▶ **Data to use**
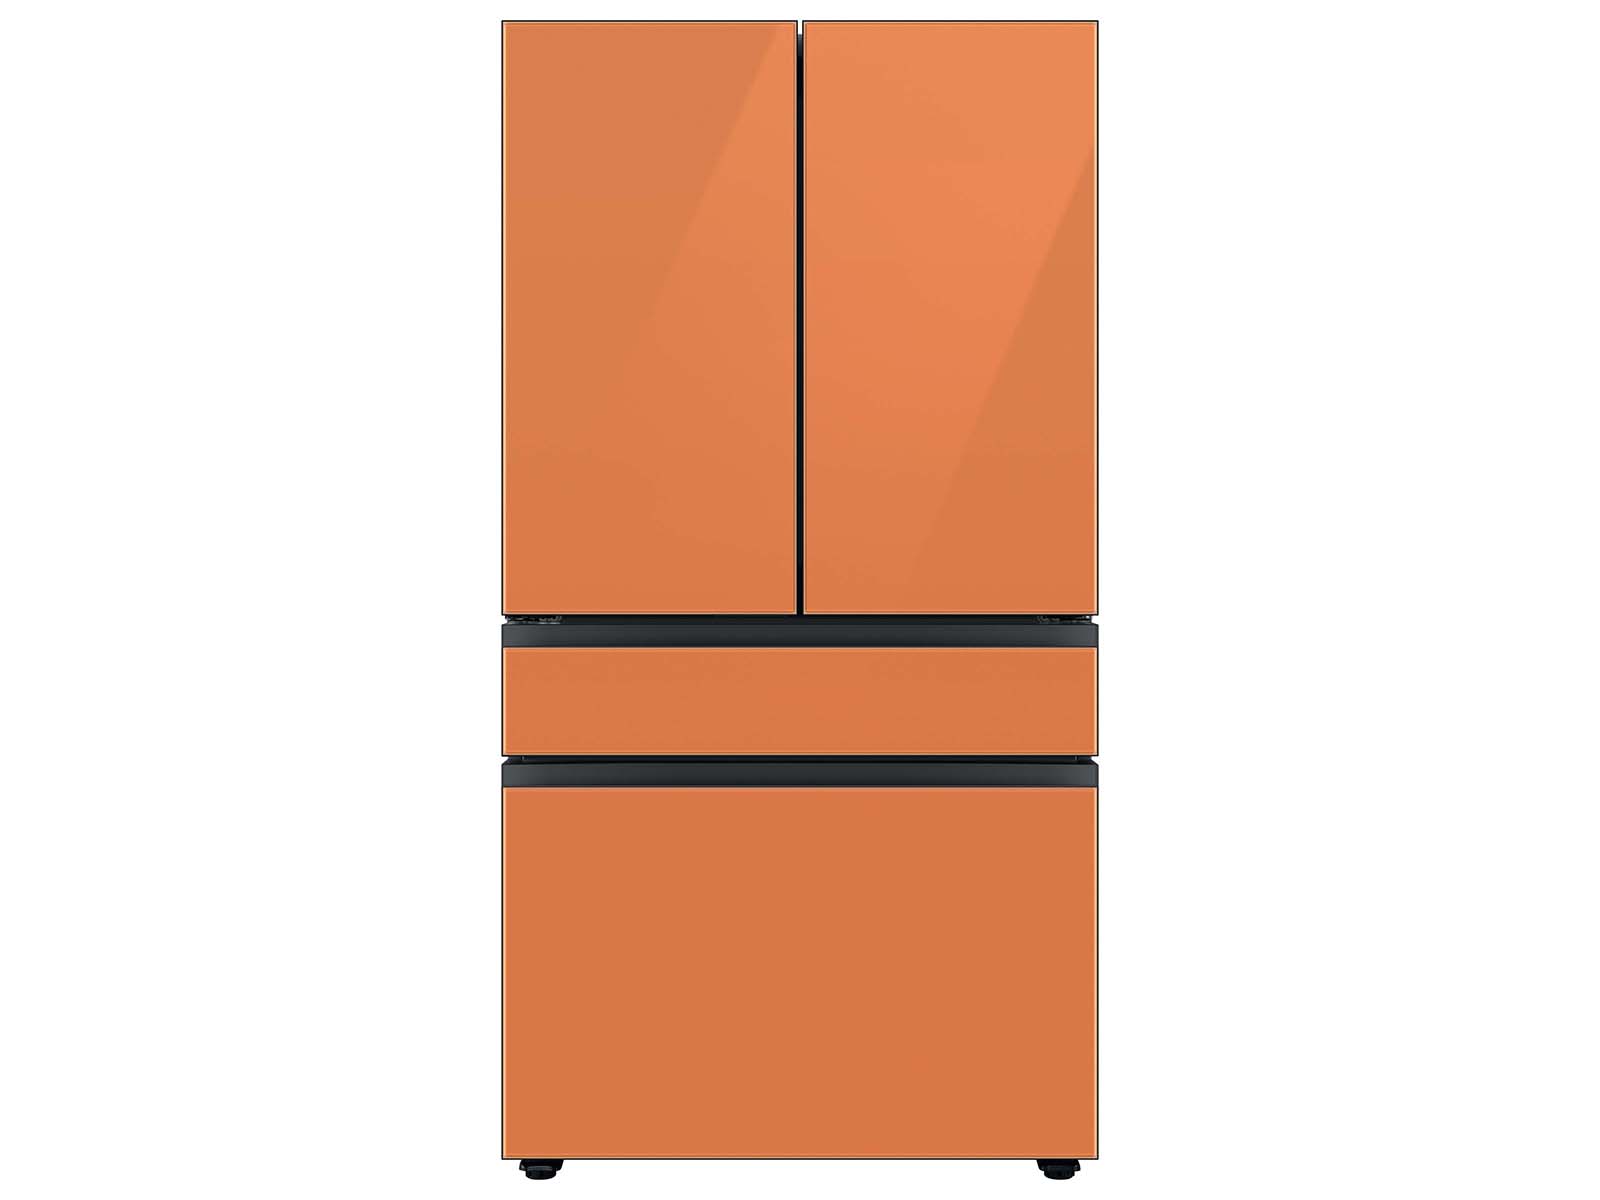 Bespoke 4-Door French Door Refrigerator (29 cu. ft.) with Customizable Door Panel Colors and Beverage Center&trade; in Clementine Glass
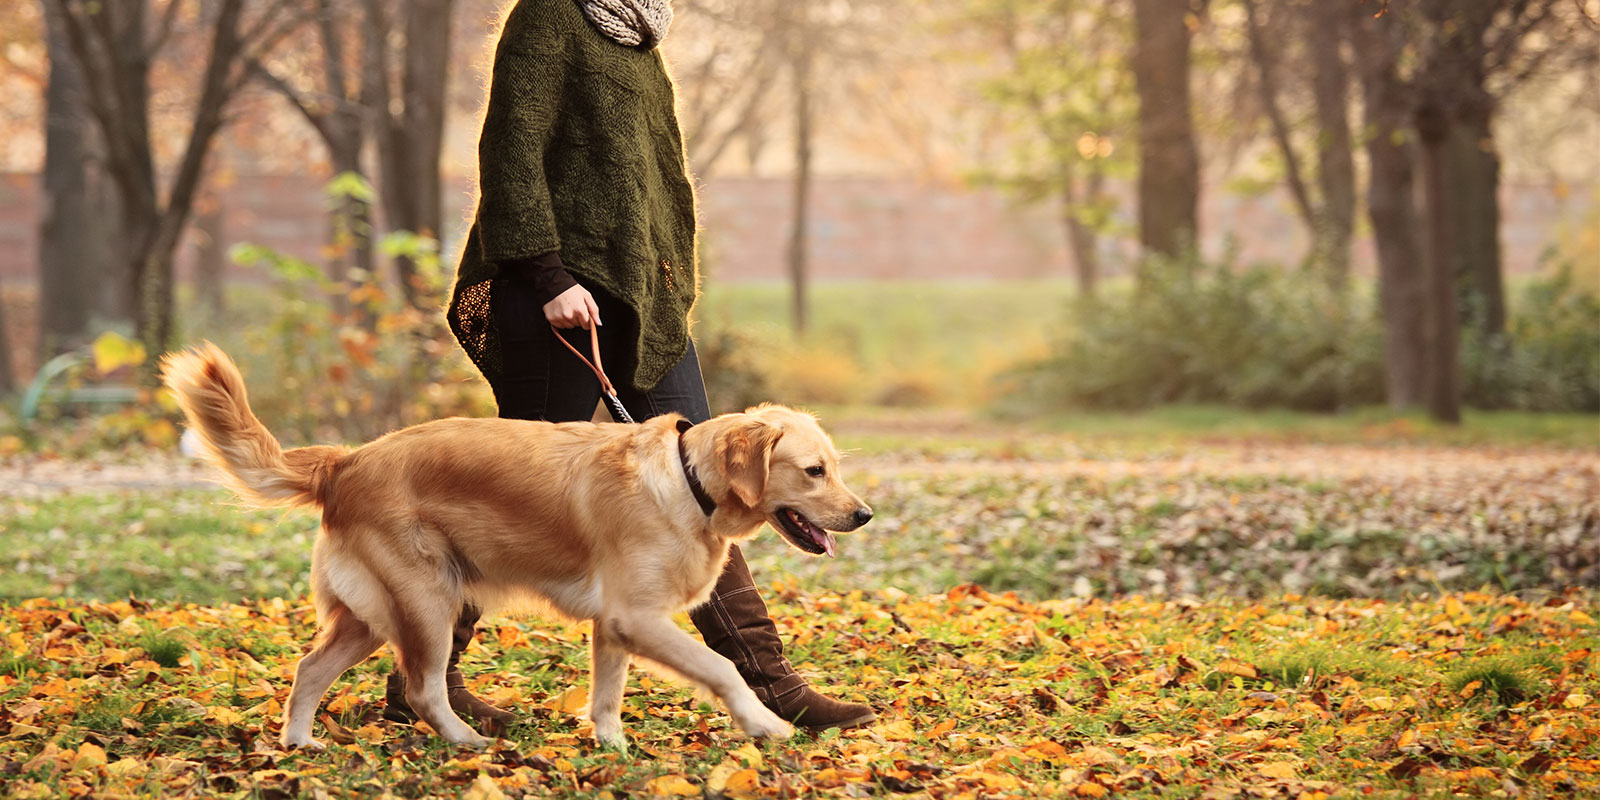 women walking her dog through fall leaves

---

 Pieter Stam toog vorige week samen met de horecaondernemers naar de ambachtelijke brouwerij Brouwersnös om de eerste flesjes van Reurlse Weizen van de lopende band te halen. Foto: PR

▶ **What is required**
Every line above between the one containing "Bespoke 4-Door French" and the one containing "women walking her dog through fall leaves", those two included, is to be printed exactly. No pictures go into the copy.

▶ **Exercise result**
 Bespoke 4-Door French Door Refrigerator (29 cu. ft.) with Customizable Door Panel Colors and Beverage Center&trade; in Clementine Glass
 women walking her dog through fall leaves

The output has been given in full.